Map of the National Mall

Perhaps, one possible answer can be gleaned from a The New York Times special section on the intersection of social media, technology, the Internet and museums. This section published articles that explored how museums were using technology to increase public engagement and transform the role of art institutions and their relationship with the public. In “The Spirit of Sharing,” Carol Vogel writes that social media is turning museums “into virtual community centers. On Facebook or Twitter or almost any museum Web site, everyone has a voice, and a vote. Curators and online visitors can communicate, learning from one another. As visitors bring their hand-held devices to visits, the potential for interactivity only intensifies.” Another article, “Smithsonian Uses Social Media to Expand Its Mission,” reveals how crowd-sourcing and user-generated content are becoming common tools in expanding the mission of the 164-year-old organization to “increase and diffuse knowledge.” While the thread that runs throughout the articles details how social media is becoming a common element of museum practice, the intersection of social media, technology, the Internet and museums opens interesting possibilities for redefining, documenting and diversifying American life. The concept I want to mine is not how social media recruits and channels American life into offline spaces like museums, rather how social media produces forms of American life native to the online world. These forms of cultural production, I argue, expand the meaning of “life” and they suggest how we may canonize the AAPI experience in terms that are not tied to “brick and mortar” spaces.

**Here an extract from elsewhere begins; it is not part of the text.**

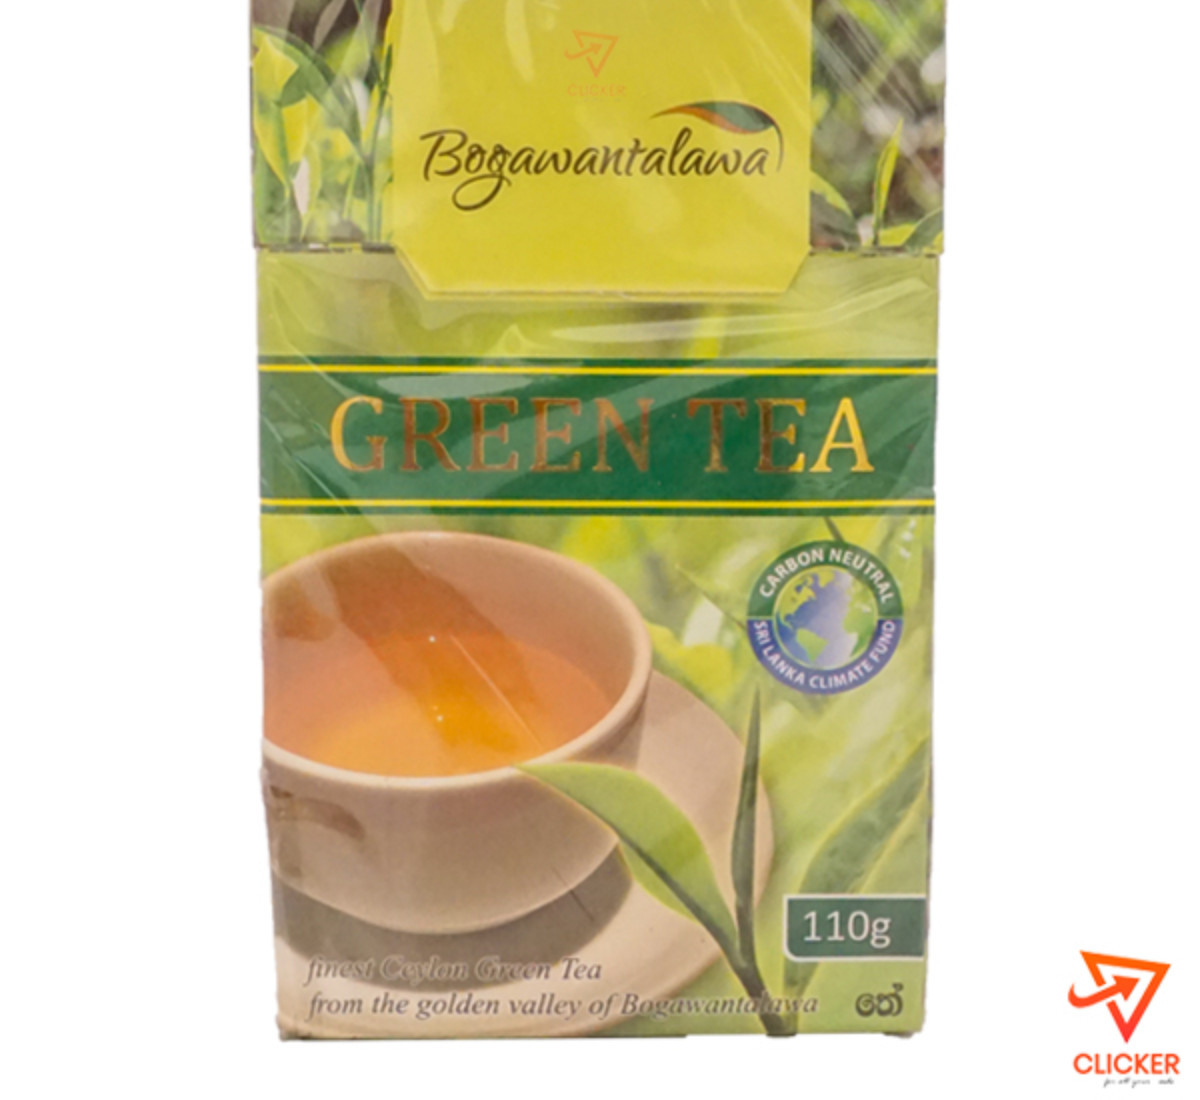 Clicker product 110g BOGAWANTALAWA Green Tea 928
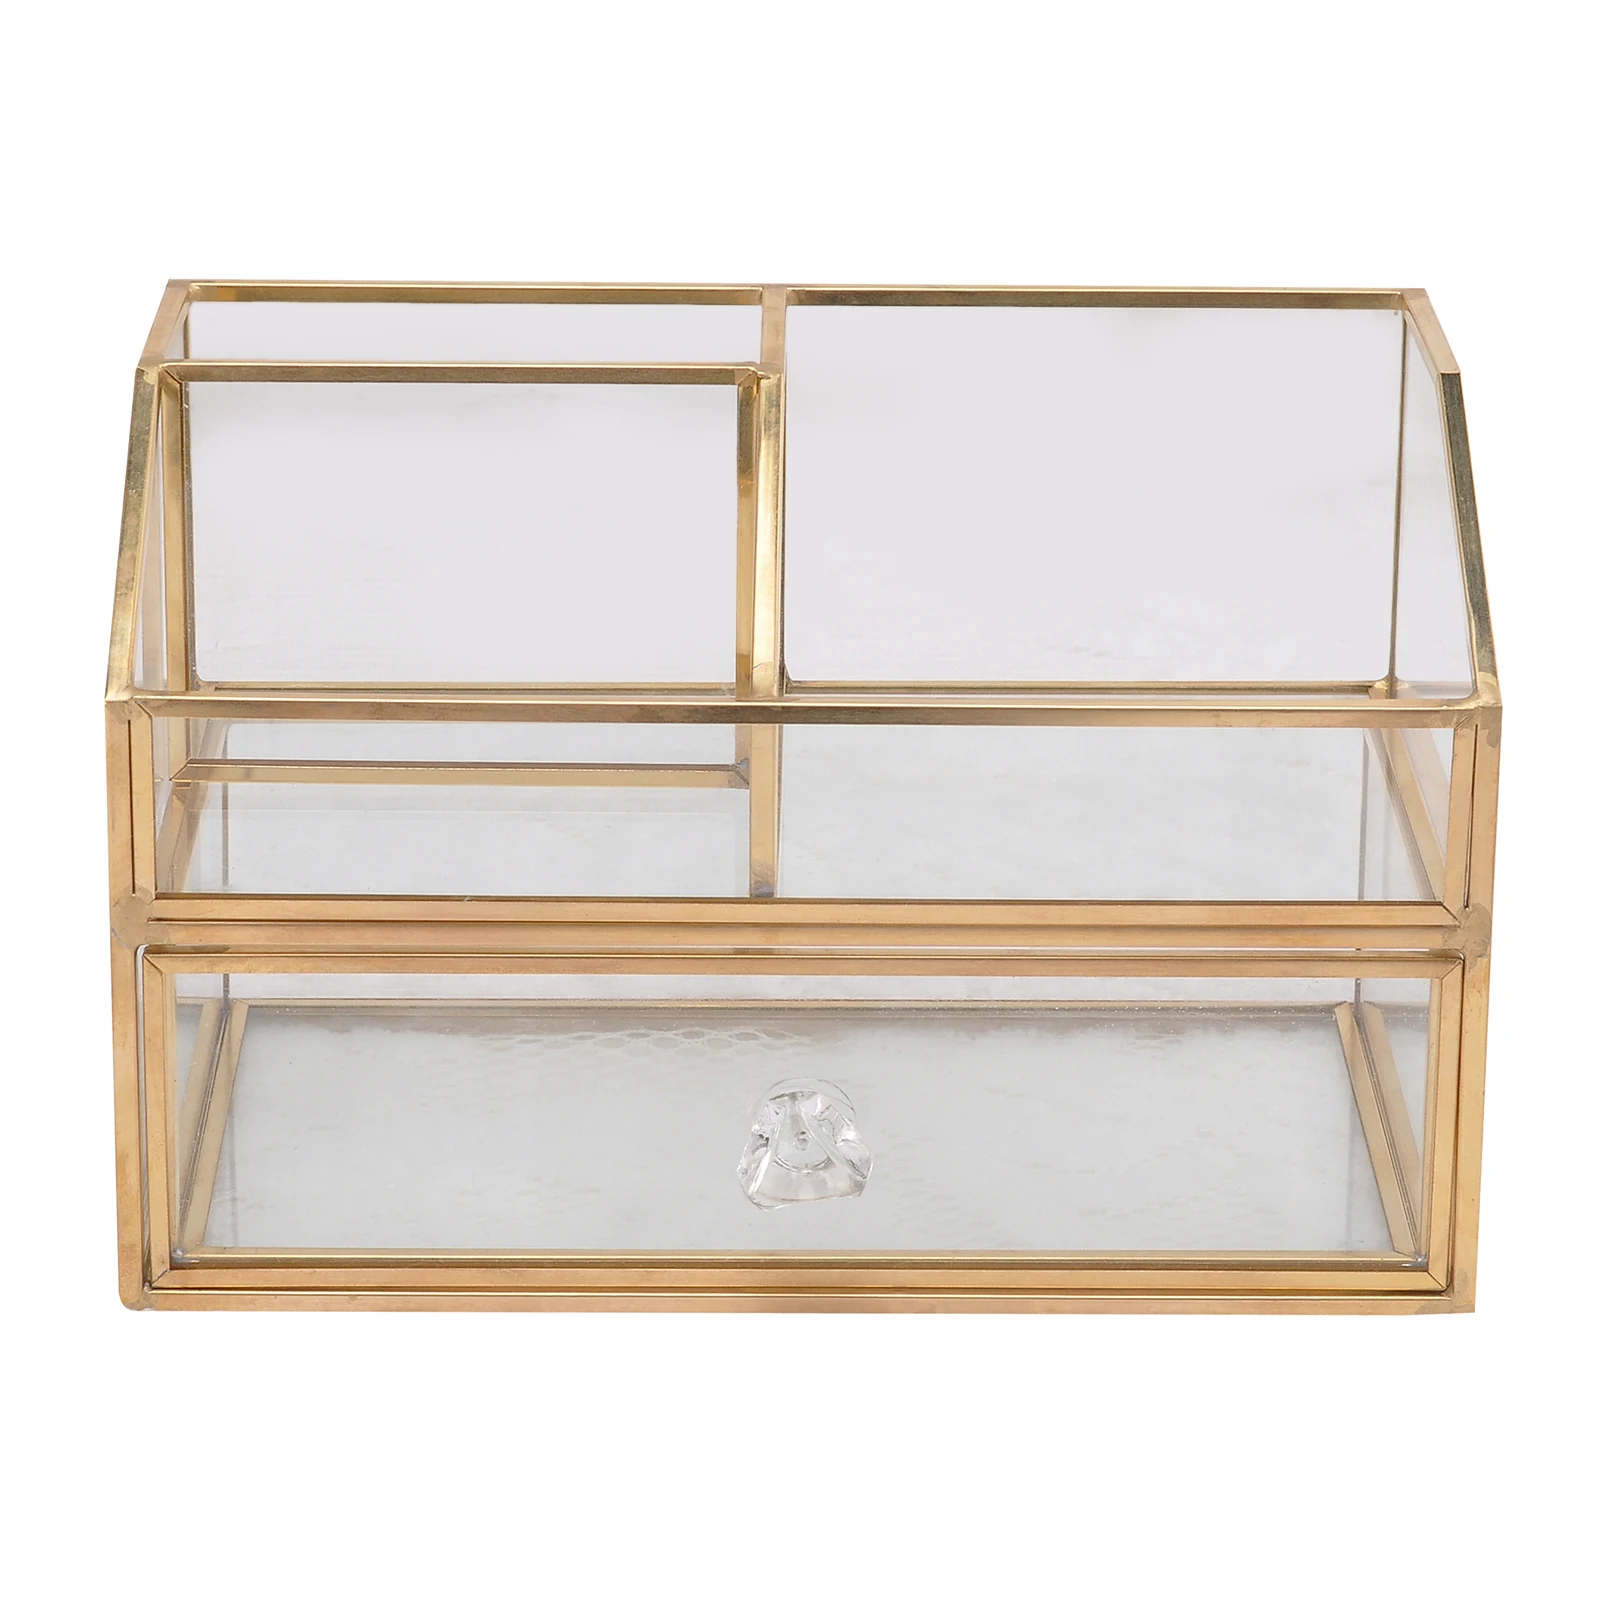 Glass Storage Box Cosmetics Display Jewelry Case Holder Organizer Container Rack

In Digitizing Race: Visual Cultures of the Internet, Lisa Nakamura reviews the relationship between race and the Internet and contends that users of color are generally treated as the “interacted” in an intrinsically interactive medium; that is, they are studied as passive consumers of the Internet and race is conflated with online access and overcoming the digital divide to become unencumbered users. Such a focus, Nakamura claims, neglects how users of color are “interactors” or active producers of Internet culture that participate in the politics of representation and social change. She writes that most studies of Asian Americans and the internet tend to focus on “what types of services and activities they engage in, rather than asking them about their cultural production, such as postings to bulletin boards or creation of Web sites or other forms of Internet textuality or graphical expression.”2 These online popular cultural productions prompt a

reenvisioning of what constitutes a ‘major life activity’[;]…In the case of people of color, popular culture practices constitute a discursive domain where they are more likely to see cultural producers who resemble them; and most importantly, these are exactly the spaces that invite participation by users. This is important information in the context of Internet users and their lived realities.3

Nakamura’s argument suggests that racial groups like Asian Americans produce online cultures that that are as compelling and important as life in the offline world; the idea is that online life are edifying elements of the American experience. Let me offer a preliminary sketch of the kind of online cultural production that leads to such a novel heritage.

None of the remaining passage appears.